By this time we were back at the Vatican, and Cardinal Borgia directed his horse into the stables. He swung down from the saddle and lifted me down after him. “That was brave of you,” he said. “Brave, but foolish. And did you find this friend?”

“No. No, I did not.”

“I am sorry to hear that.” He led the horse into the stable before drawing me toward the palace. “Come. We must both get back into the Castel. Luckily for you, I decided to ride out to try to find my mother.” He gave me that smile I had remembered so many times—too many times. “It seems I have saved you again.”

Before I realized what I was doing, I reached out and slapped him across the face.

I could not tell who was more shocked, him or me. No doubt I had not truly hurt him—I was a slight women, with no experience in violence, and he was a man and no doubt trained to protect himself. But the astonishment in his gaze was comical all the same.

I bit back the apology that leapt to my tongue, the horror at my actions that years in service to those above my station had ingrained in me.
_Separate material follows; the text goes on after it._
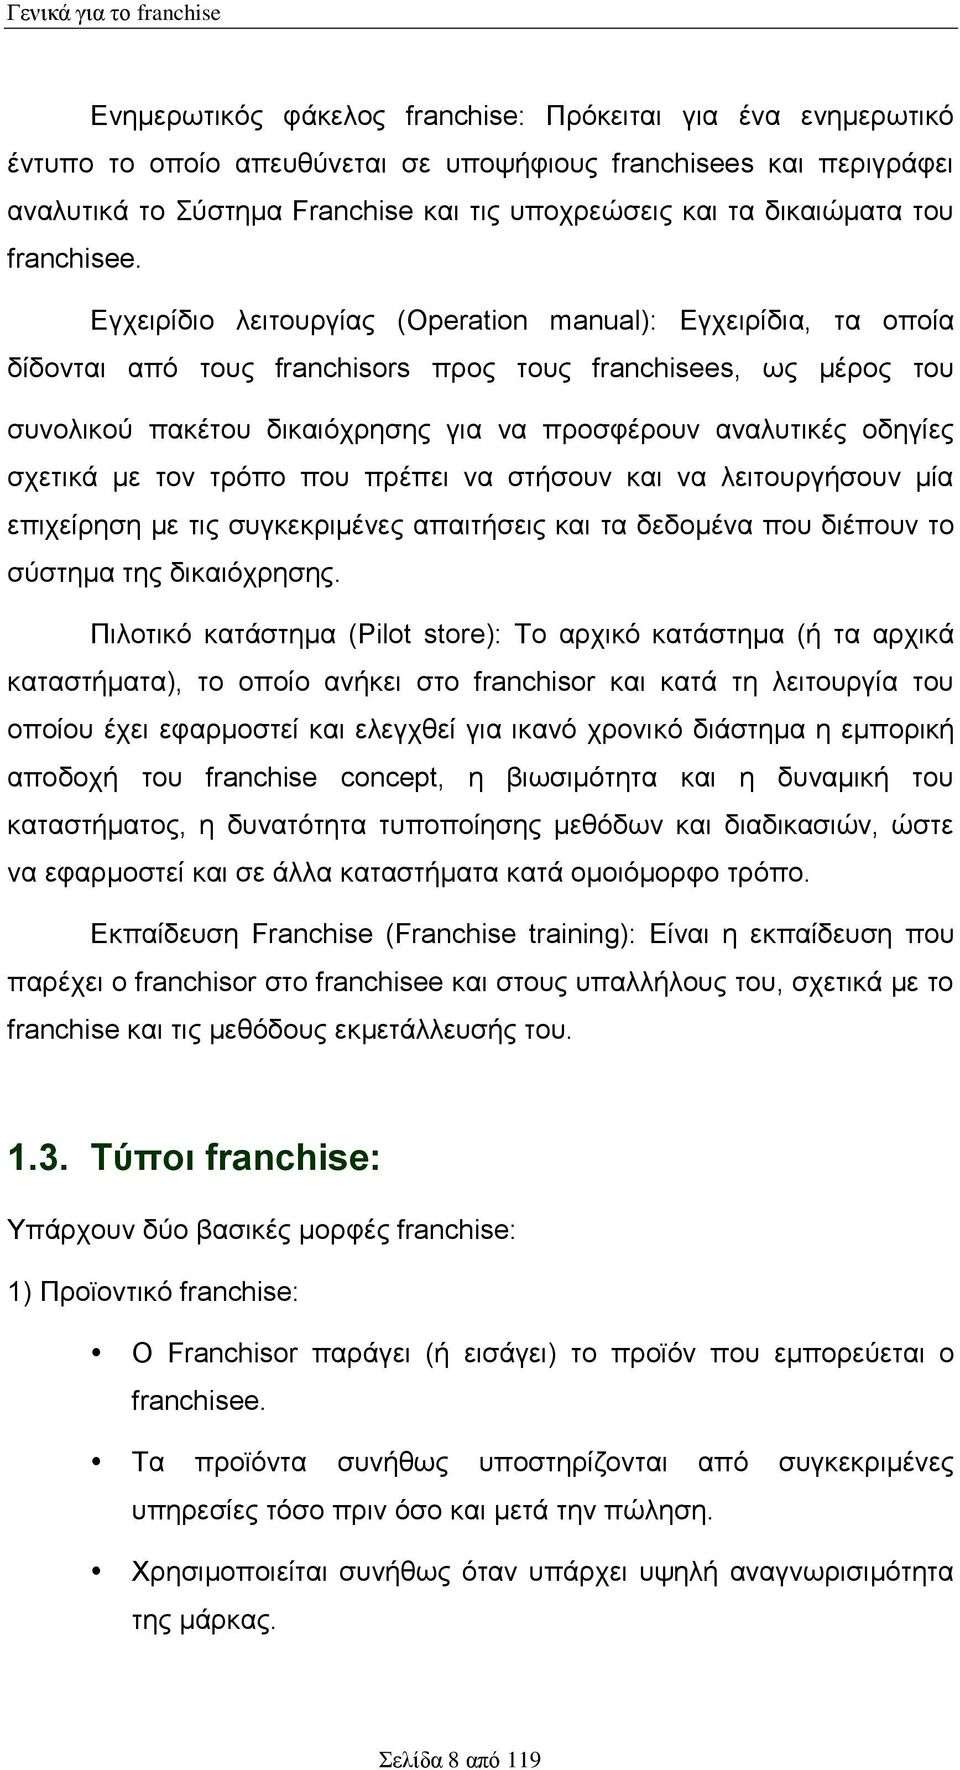 Εγχειρίδιο λειτουργίας (Operation manual): Εγχειρίδια, τα οποία δίδονται από τους franchisors προς τους franchisees, ως μέρος του συνολικού πακέτου δικαιόχρησης για να προσφέρουν αναλυτικές οδηγίες

Instead I said, “I do not need you to save me, Your Eminence. I managed quite well before you found me. If you need to be a savior to someone, save the people of Rome.”

I expected his ire, even anger, in return; but as he had before when I had spoken boldly to him, he surprised me. He took my hand, raised it to his lips, and kissed it. “I shall do as you bid me, Maddalena, avenging angel, Madonna of Holy Vengeance,” he said, without so much as a trace of mockery. “I shall do the best I can.”

It was my turn to look shocked, to be rendered speechless.

“And I shall start with your friend,” he said. “What is his name?”

I shook my head, as if to clear it. “Federico Lucci,” I said. “A footman in the employ of His Holiness.”

A sardonic smile curled his lips. “Is this man your lover, then?”

“No!” I gasped in shock. “I am not … I would never…”

“I did not mean to offend you,” he said, in earnest. “But it seems plain that this man is dear to you.”

“He is,” I said. “He is … we are betrothed.”

He frowned slightly before his expression cleared, becoming neutral once more. “I see. Well, you have my word on this, Maddalena Moretti. I shall have my men find out where he is, and what has become of him, and I shall tell you. I swear it.”

Relief and warmth spread through me in equal measure. “I … I do not know how to thank you, Your Eminence.”

He took my hand and kissed it again, his lips warm against my skin. “It is as I told you before, Maddalena. A man will do a great deal to see that smile of yours. The smile of an angel of holy vengeance.”

I struggled to compose myself as he led me back into the Vatican Palace and to the secret tunnel.

An angel of holy vengeance, indeed. Perhaps my dream of him as such an angel had not been so far from the truth, after all.